By Boniface Womber and Bonnie Jean Feldkamp December 18, 2020

This article is from Eye on Ohio, the nonprofit, nonpartisan Ohio Center for Journalism. Please join their free mailing list, as this helps provide more public service reporting.

Amid a raging pandemic, Ohio’s agency responsible for looking out for workers’ welfare has started posting full-time temporary jobs with no benefits for its own workforce. 

For example, this week the Ohio Department of Job and Family Services (ODJFS) sought to hire an “electronic design specialist,” a job that requires a bachelor’s degree, years of experience, or some combination of both. The hours listed are full time, with a schedule that is “not negotiable” and the position is “not eligible” for benefits.  

As total COVID-19 cases in the state soared to nearly 600,000 and deaths rose to almost 8,000, Eye on Ohio asked why the positions are listed without medical benefits when large employers have to give most of their workforce— even temporary workers— medical insurance eventually under the Affordable Care Act, or pay a penalty. 

A spokesman for ODJFS said “Benefit eligibility under the ACA for temporary or part-time positions is determined based on the length of time employed and hours worked during that period of time.” 

Eye on Ohio further inquired if the positions have a set end date and why officials listed positions with no health care as the chances of getting a debilitating disease have risen. Officials did not respond to multiple requests to comment. 

Each job posting begins with, “The Ohio Department of Job and Family Services’ mission is to improve the well-being of Ohio’s workforce and families by promoting economic self-sufficiency and ensuring the safety of Ohio’s most vulnerable citizens.”

But it’s not clear if ODJFS’ own workers could be self-sufficient with its own positions: according to, a monthly premium for a nonsmoking family of four in Columbus is approximately $810. That’s about 24% of what an ODJFS electronic design would make after taxes. And doesn’t include money for a deductible, or other costs associated with getting sick. 
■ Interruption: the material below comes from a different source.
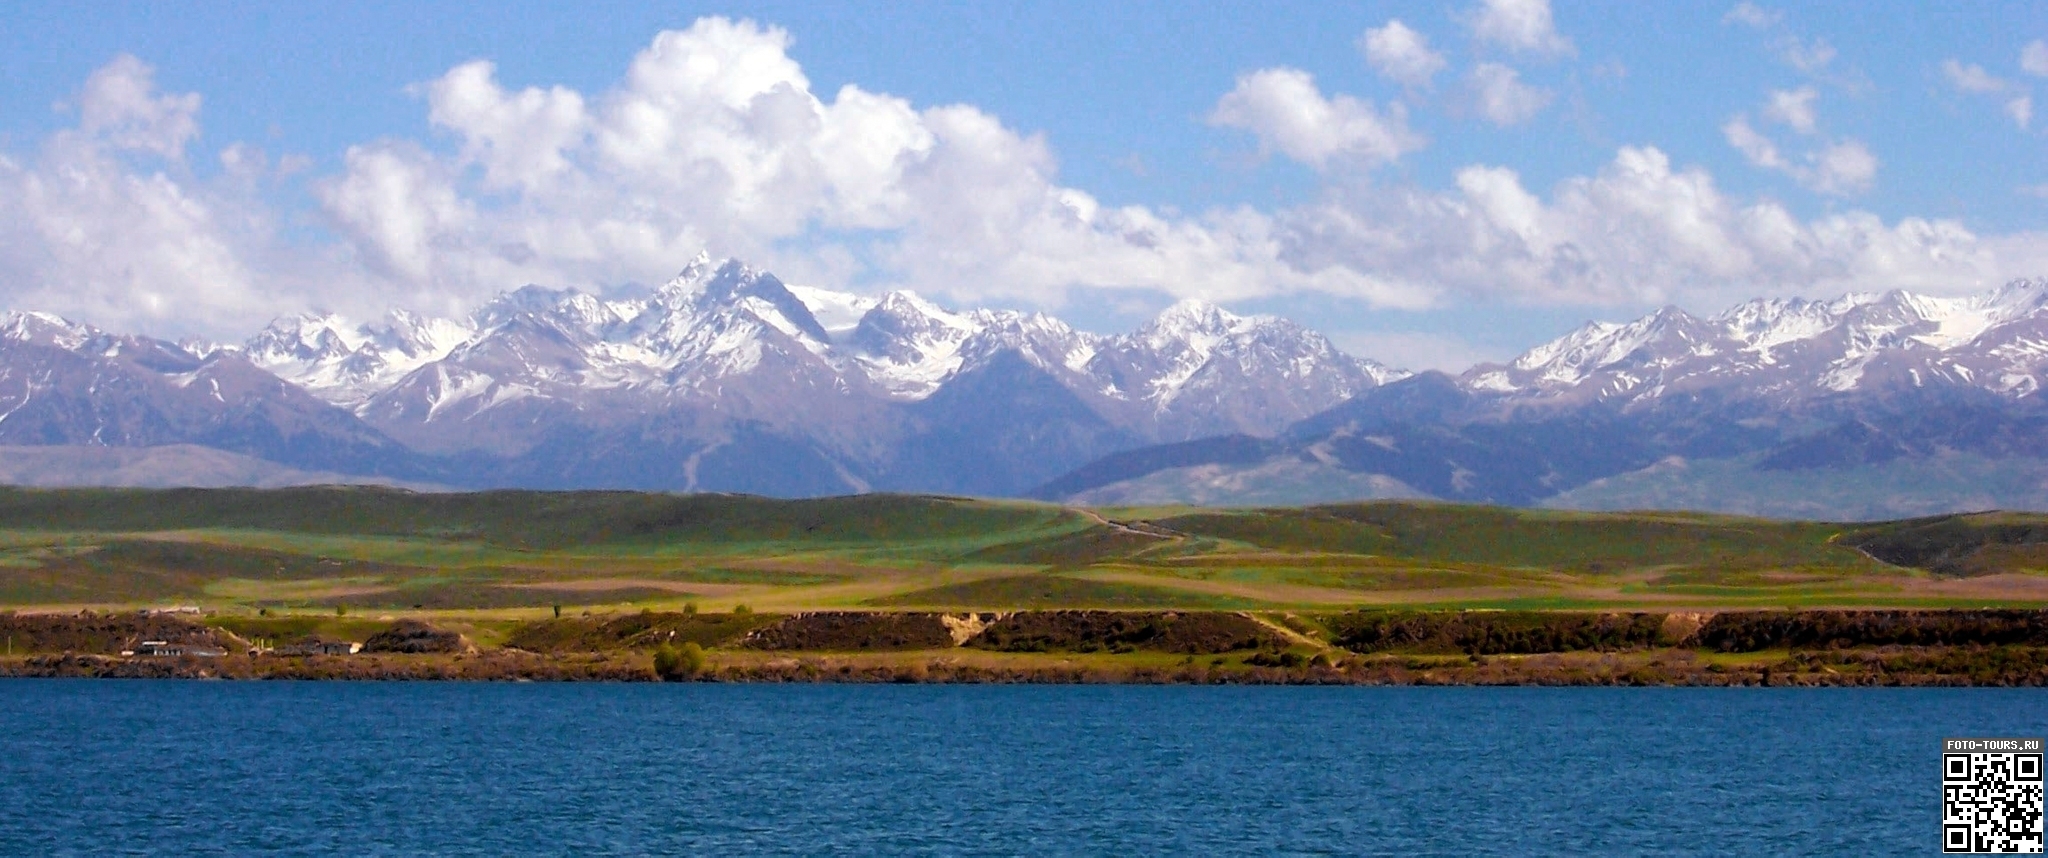 Озеро Иссык-куль в Иссык-Куле, Кыргызстан, Азия.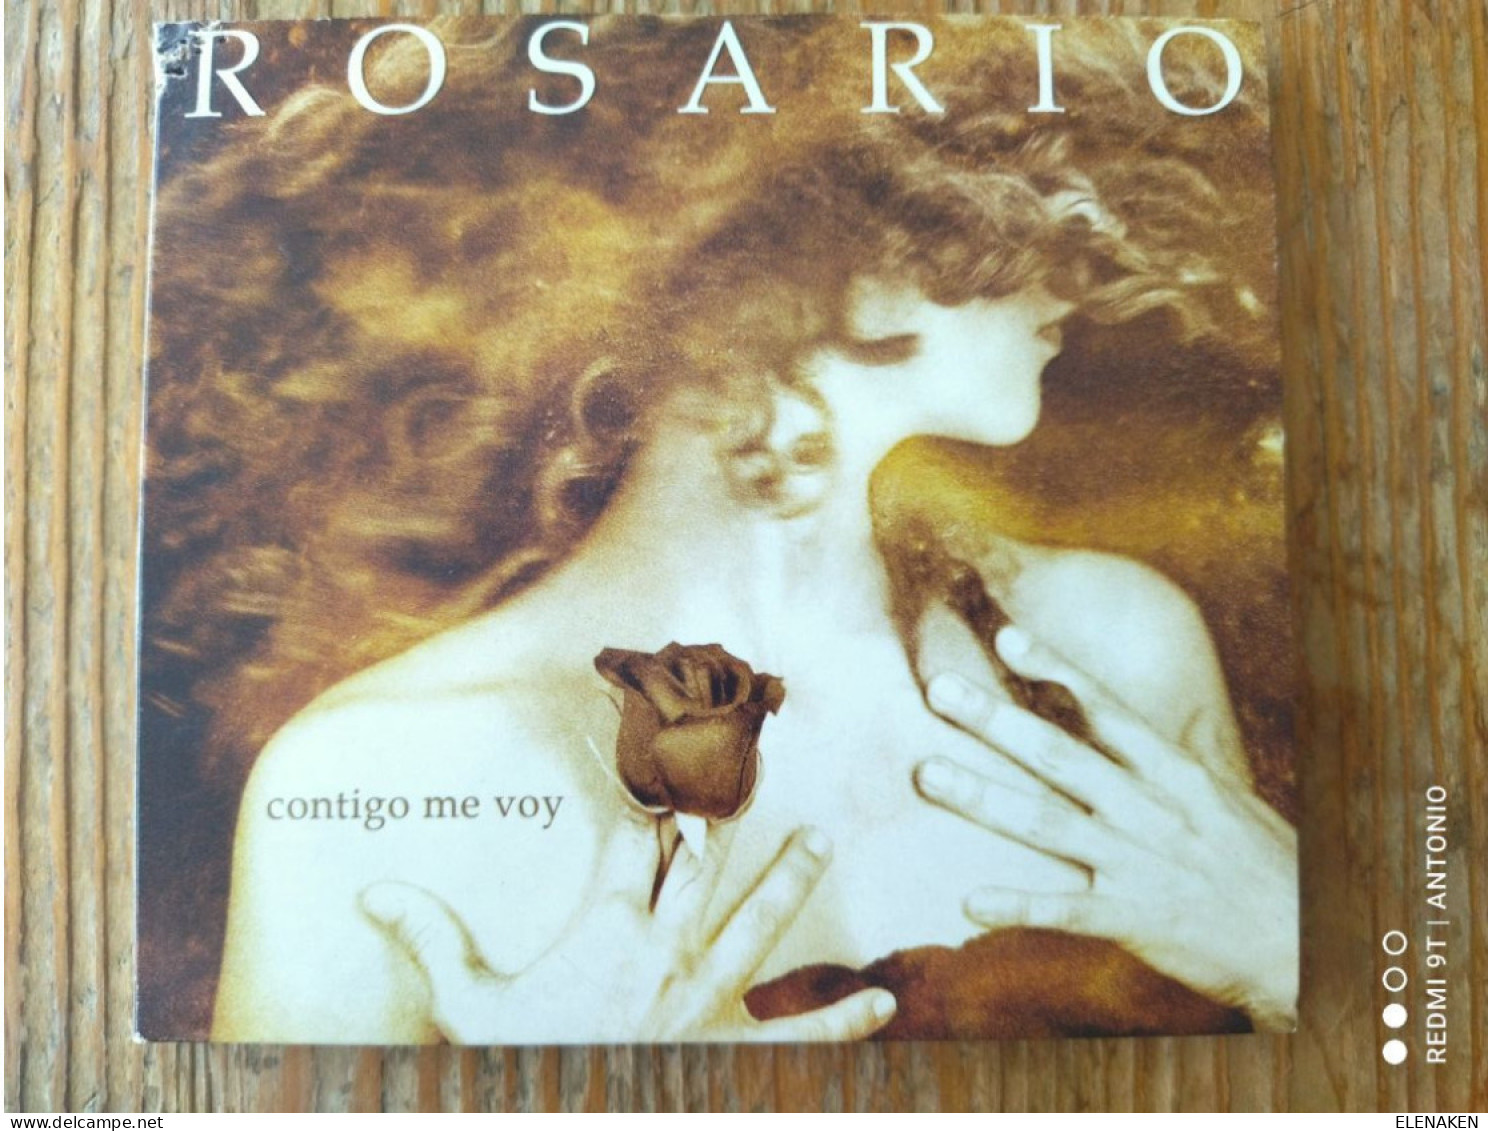 CDs De Música: ROSARIO FLORES .CONTIGO ME VOY .CD SONY 2006 NUEVO FLAMENCO POP RUMBAS - SIN APENAS USO, FOTO REAL - Altri - Musica Spagnola

Other temporary jobs don’t require a degree or much experience but make much less, such as a temporary customer service representative, who would have to shell out 30% of their post-tax income just for premiums for a similar family. Benefits the Law Requires

When it comes to employee benefits, Lyndsey Barnett, chair of Graydon Law’s Employee Benefits’ Department, said technically “there is no law that any employer provides any employee any benefit regardless of the number of hours that they work.”

The Affordable Care Act does however place a penalty on what’s called Applicable Large Employers (ALE) if they do not offer “minimum essential coverage” after a specified waiting period. According to, “applicable large employers have annual reporting responsibilities concerning whether and what health insurance they offered to their full-time employees (and their dependents).” Determining which employees are considered “full-time equivalent” isn’t always as simple as knowing who’s on the payroll for more than 30 hours per week. Also the ALEs are permitted a 90-day waiting period before employees are eligible for benefits so if a temporary position only lasts three months the employee may never qualify for benefits.